ヤフーならではの“プレミアム”なDSPとは?
MarkeZine編集部(以下、MZ):DSP事業への参入は、2013年11月に新戦略として発表されたプライベートDMP(データ・マネジメント・プラットフォーム)、ビデオ広告、データサイエンティストと並ぶ柱として位置付けられていました。まずは、この背景についてうかがえますか?
小西:DSP市場の伸張には以前から注目していましたが、広告主の活用が進むに従って、たとえば自社のブランド戦略に適したメディアが少ない、ターゲティングに活用できるデータが限られる、などの課題が浮き彫りになってきていました。当社の資産を使って、これらの課題を解決し、同時に当社の他のサービスと連携して、より大きな価値を提供するために参入したという運びです。
MZ:このサービスは「Yahoo!プレミアムDSP」という名称でリリースされましたが、どのような点で“プレミアム”なのですか?

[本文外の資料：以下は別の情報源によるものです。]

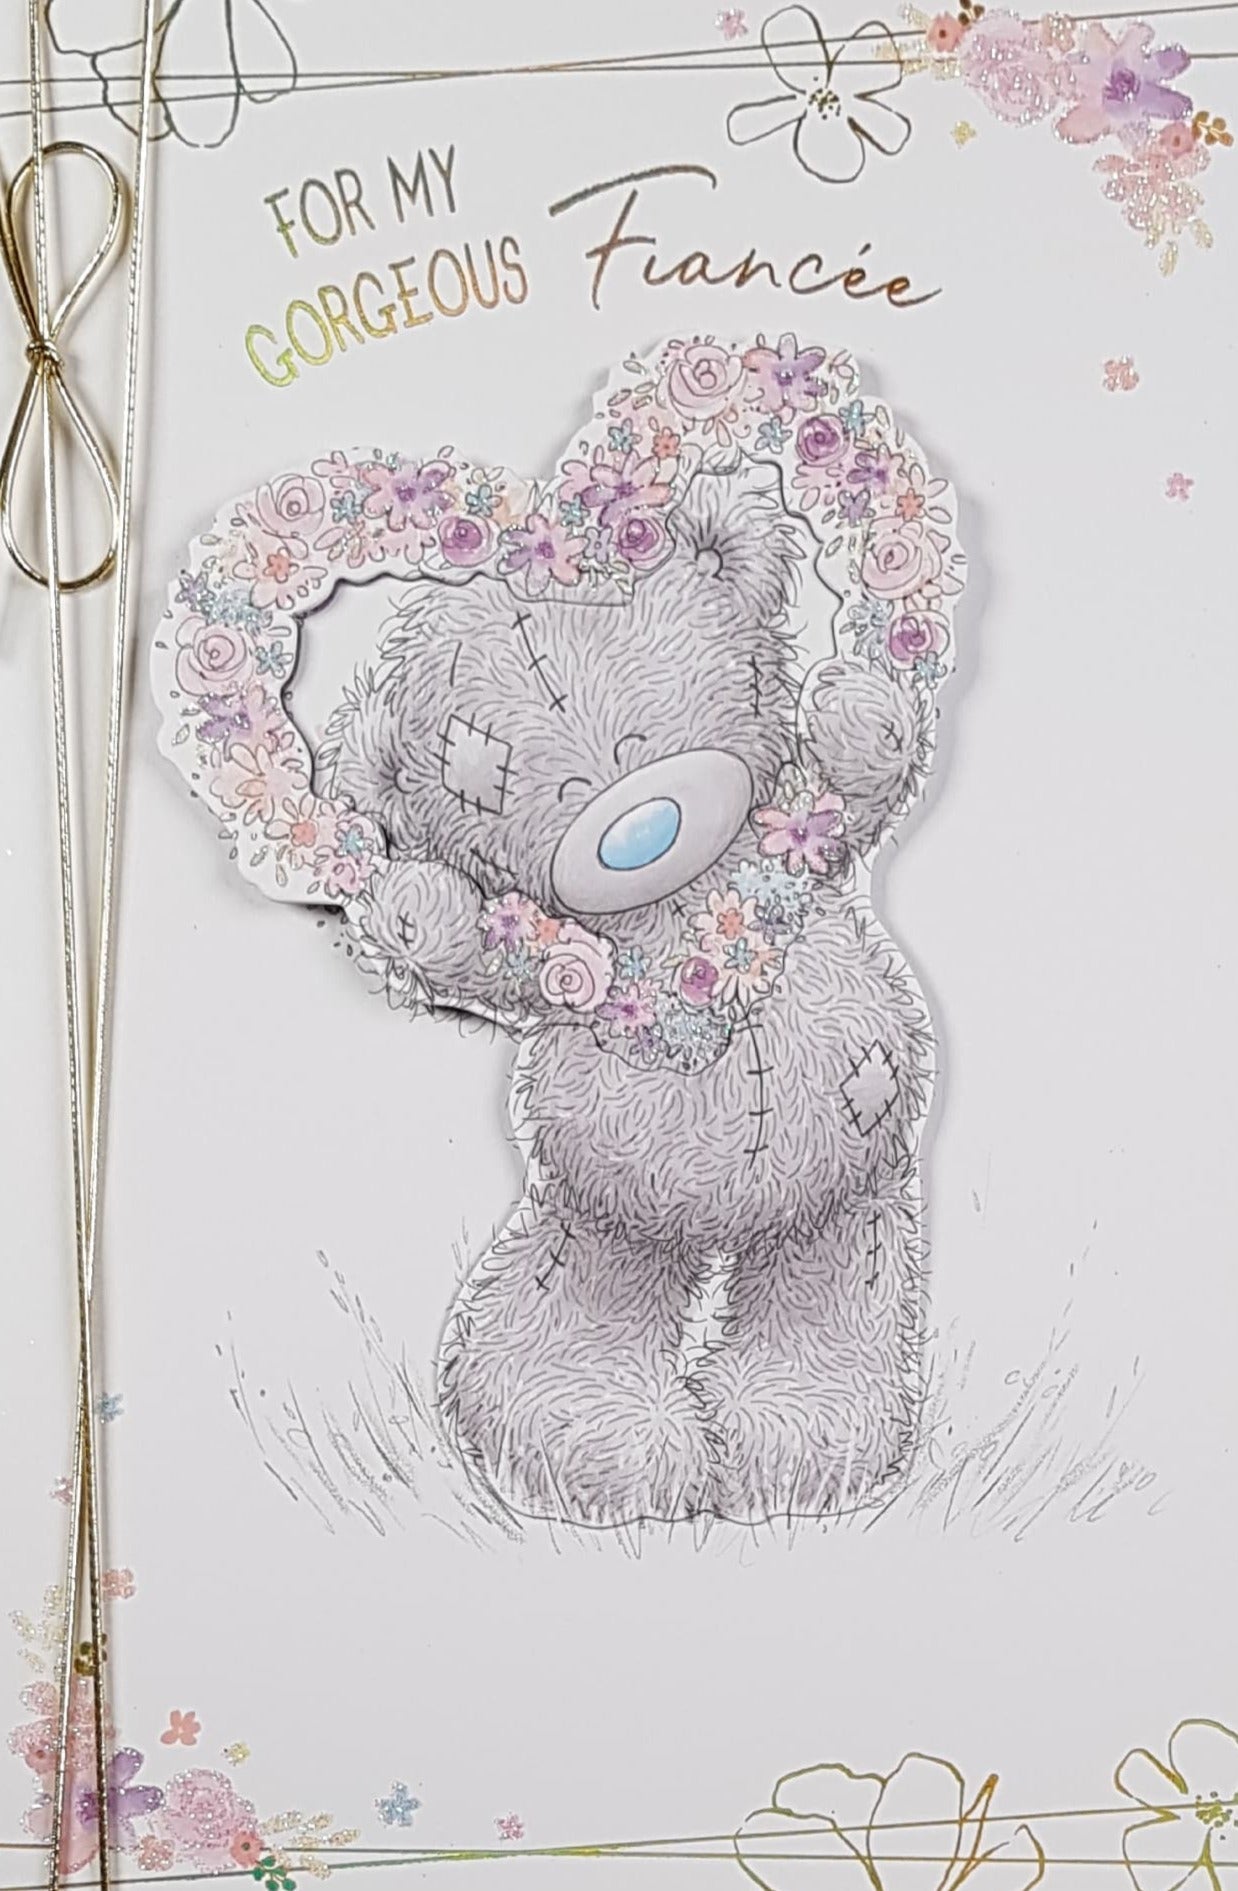 Birthday Card - Fiancee / Teddy Bear Holding Up A Heart Made Of Flowers

小西:当社の代表的な広告である「プライムディスプレイ」を含む、Yahoo! JAPANのプレミアムな広告枠に配信できる唯一のDSPであることから名付けています。ヤフーを利用している幅広いユーザーに効率的にリーチできる点が、他のDSPサービスにはない特徴です。また、現在はヤフー内のネットワークが中心ですが、外部のプレミアムなメディアにも配信を順次拡大しています。
最初の一歩、からの続きを埋めるのがDSP
MZ:幅広いユーザーにリーチするという点では、すでに運用中のブランドパネルで大きな効果を上げられていますが、それとの関係は?
友澤:ブランドパネルを活用すれば、Yahoo! JAPANのトップページを訪れる相当数のユーザーに、短期間で圧倒的な認知を図ることができます。これはおかげさまで日本最大級という自負がありますが、広告主の視点で考えると、あくまで最初の一歩にすぎないという側面もあるのです。
MZ:最初の一歩というと?
友澤:自社とまったくかかわりがなかった人を、まず潜在ユーザーにするという一歩です。よくある「顧客ピラミッド」の図を考えると分かりやすいですが、この一番下のターゲットを左右にぐっと広げられるのが、ブランドパネルです。
ですが、広告主のゴールはこの頂点に位置する、実際に購買してくれるユーザーを増やすことなので、広がった潜在ユーザー層を段階的に上へ上へと引き上げたい。そこで機能するのが、今回リリースしたYahoo!プレミアムDSPです。
ブランドパネルに出稿すれば認知を獲得するだけでなく、相当のオーディエンスデータを得ることができます。しかし、ブランドパネルを打って終わりでは、このデータも活用できていないままでした。そもそも、当社には膨大なユーザーデータがあります。それらをテクノロジーの力で生かし、より頂点に近い部分の面積を広げようとしています。